Affinage

PIK3CB

Phosphatidylinositol 4,5-bisphosphate 3-kinase catalytic subunit beta isoform · UniProt P42338

Length
1070 aa
Mass
122.8 kDa
Annotated
2026-06-10
39 papers in source corpus 15 papers cited in narrative 15 extracted findings
Cross-family judge vs UniProt: Affinage preferred faithfulness: 6/6 claims corpus-supported (100%)

Mechanistic narrative

Synthesis pass · prose summary of the discoveries below

PIK3CB encodes the p110β catalytic subunit of class IA PI3K and is the dominant PI3K isoform sustaining PI3K/AKT pathway activation in PTEN-deficient tumors, where its lipid kinase activity is selectively required for signaling and growth in a manner that p110α cannot substitute for (PMID:18755892, PMID:21188471). This isoform dependence extends across cancer contexts including glioblastoma, where genetic or pharmacologic p110β blockade collapses PI3K signaling, viability, and xenograft growth (PMID:29016844, PMID:21188471). Beyond its catalytic role, p110β drives a distinct transformed phenotype through direct binding to RAC1, producing RAC1 hyperactivation, lamellipodia, and partial EMT that diverges from the p110α H1047R program (PMID:33526718), and PIK3CB depletion blocks invasion by suppressing cell adhesion to collagen I and reduces metastasis in vivo (PMID:34603784). Oncogenic point mutations activate the kinase: D1067Y elevates membrane PIP3 to recruit and activate AKT and PDK1, behaving as an oncogene and conferring resistance to pan-PI3K inhibition that is reversible by downstream AKT or mTORC1/2 inhibition (PMID:26759240), while the catalytic-domain E1051K mutant confers gain-of-function signaling, growth, and migration with sensitivity to p110β-selective inhibitors (PMID:29279775). PIK3CB expression is tightly controlled at multiple layers: transcriptionally by SP1 binding the promoter (PMID:38356702) and by hnRNPL phase-separated condensates that drive glycolysis through a promoter-derived non-coding RNA feedback loop (PMID:40413189); and translationally by m6A methylation via the METTL3/METTL14/WTAP–YTHDF2 axis (PMID:32312789) and by PDCD4 binding the PIK3CB 5'UTR IRES to suppress translation and promote apoptosis (PMID:39190024). Downstream, p110β signals through AKT to FOXO1 and mTOR to control proliferation, survival, adhesion, and glycolysis (PMID:34745943, PMID:40413189).

Mechanistic history

Synthesis pass · year-by-year structured walk · 12 steps
  1. 2008 High

    Established that PIK3CB, not PIK3CA, is the catalytically essential PI3K isoform in PTEN-deficient cancers, defining the isoform-specific therapeutic target rationale.
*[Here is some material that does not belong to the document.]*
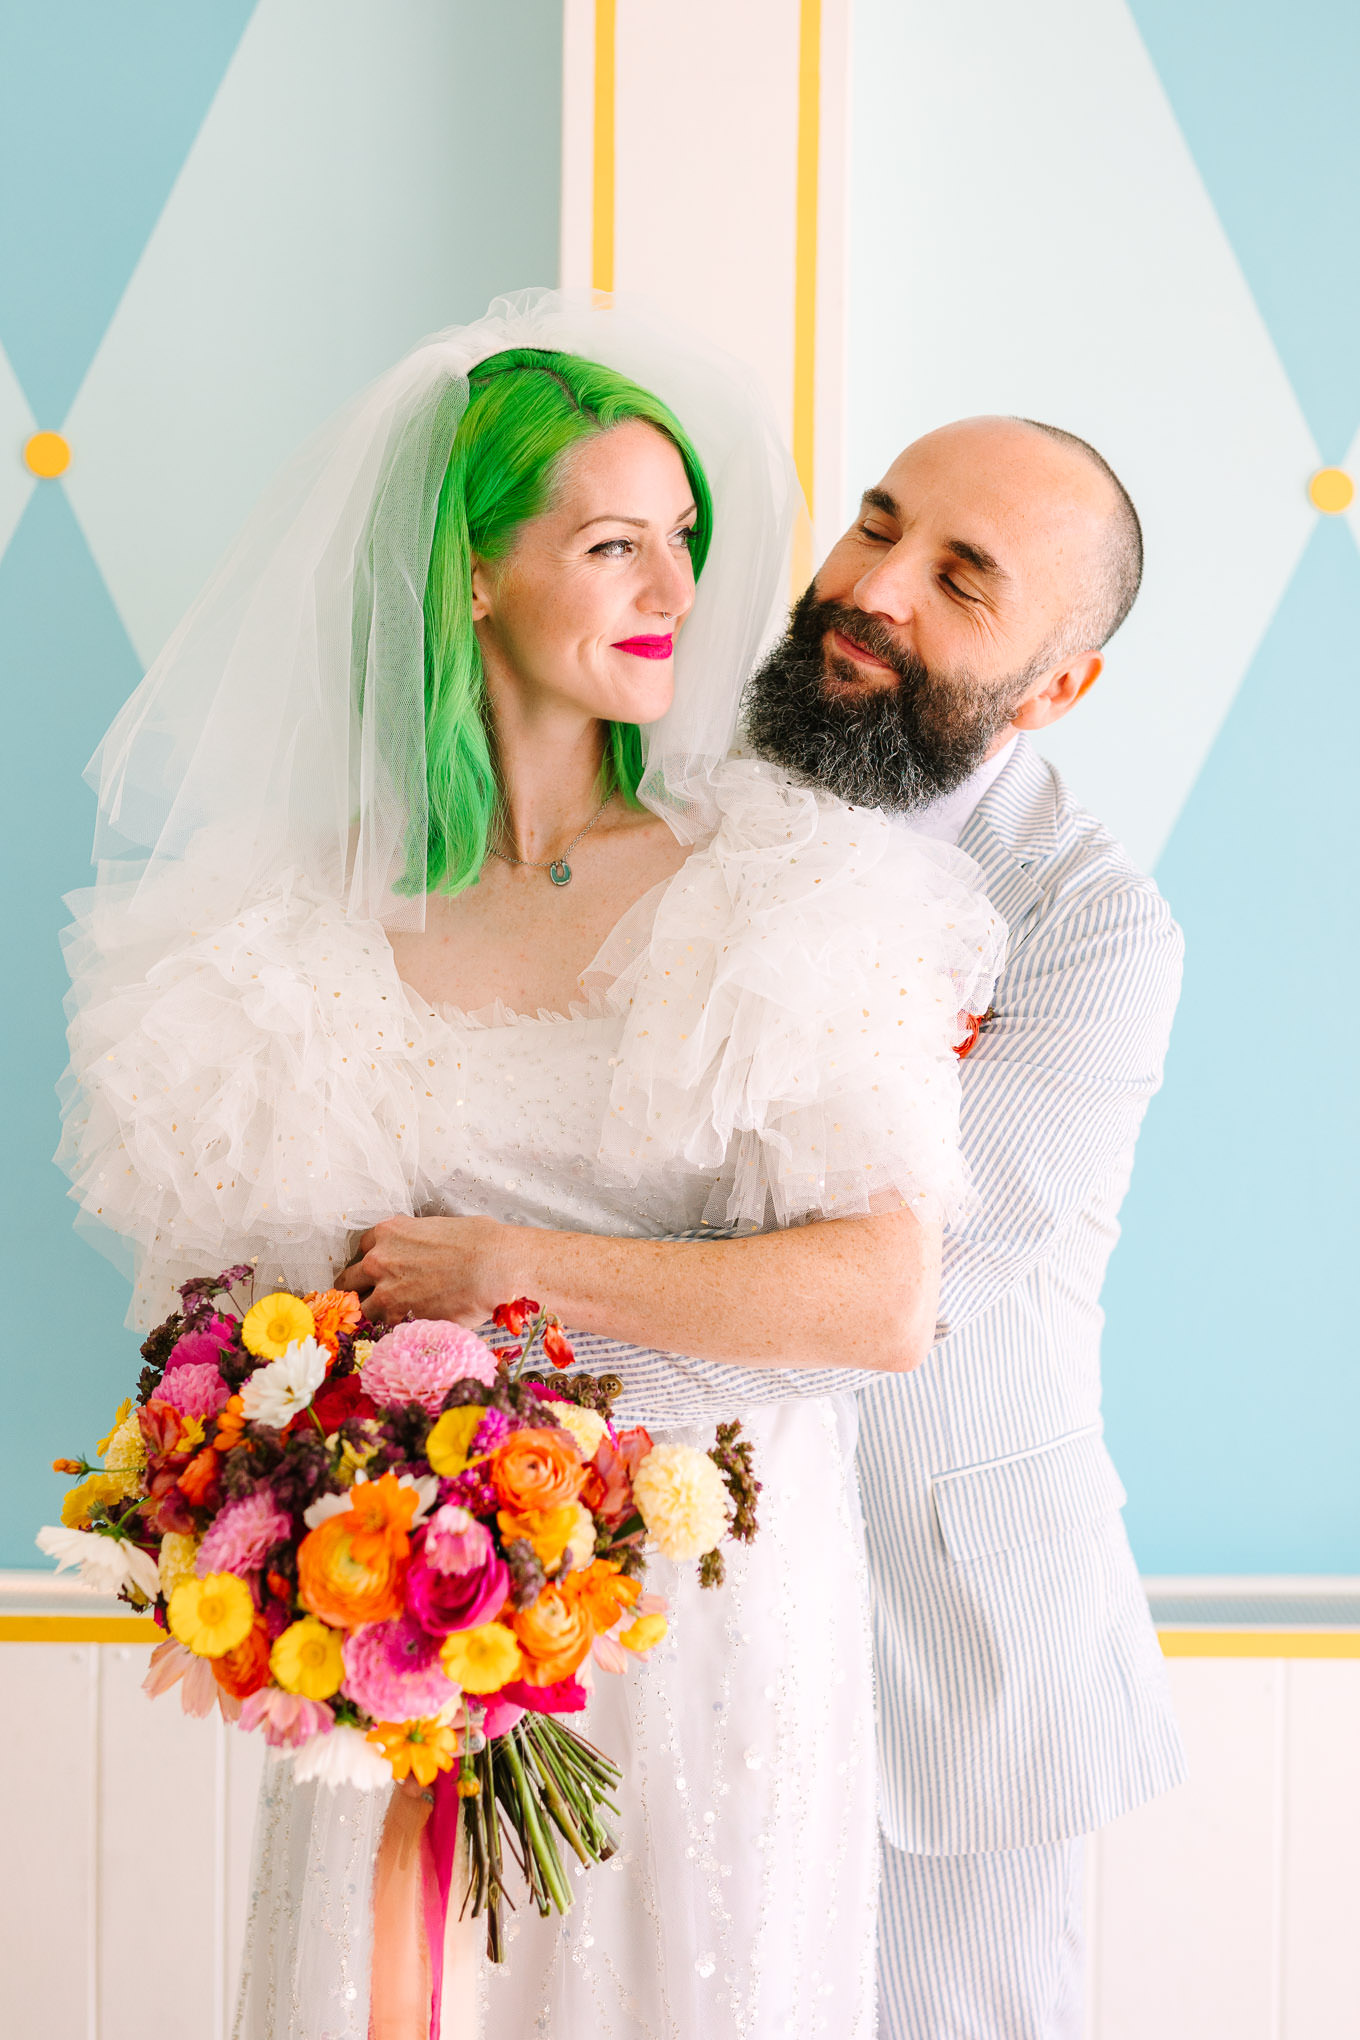 Bob Baker Marionette Elopement | Wedding and elopement photography roundup | Los Angeles and Palm Springs photographer | #losangeleswedding #palmspringswedding #elopementphotographer Source: Mary Costa Photography | Los Angeles

    Evidence Inducible isoform-specific shRNA knockdown with kinase-dead rescue in cell and xenograft models

    PMID:18755892

    Open questions at the time
    • Does not resolve the structural basis of p110β preferential activation in the PTEN-null state
    • Mechanism of how PTEN loss shifts dependence from p110α to p110β not defined
  2. 2010 Medium

    Confirmed the isoform-specific p110β dependence in PTEN-deficient glioblastoma and showed synergy of PIK3CB knockdown with PTEN restoration, extending the dependence to a second tumor context with downstream cell-cycle and apoptotic readouts.

    Evidence siRNA knockdown of PIK3CB vs PIK3CA, PTEN restoration, cell cycle and apoptosis assays, nude mouse xenograft

    PMID:21188471

    Open questions at the time
    • Single tumor type
    • Does not address resistance mechanisms
  3. 2016 High

    Identified PIK3CB activating mutation D1067Y as an oncogenic driver that elevates membrane PIP3 and recruits AKT/PDK1, explaining a mechanism of pan-PI3K inhibitor resistance and pointing to downstream inhibitors as a rescue strategy.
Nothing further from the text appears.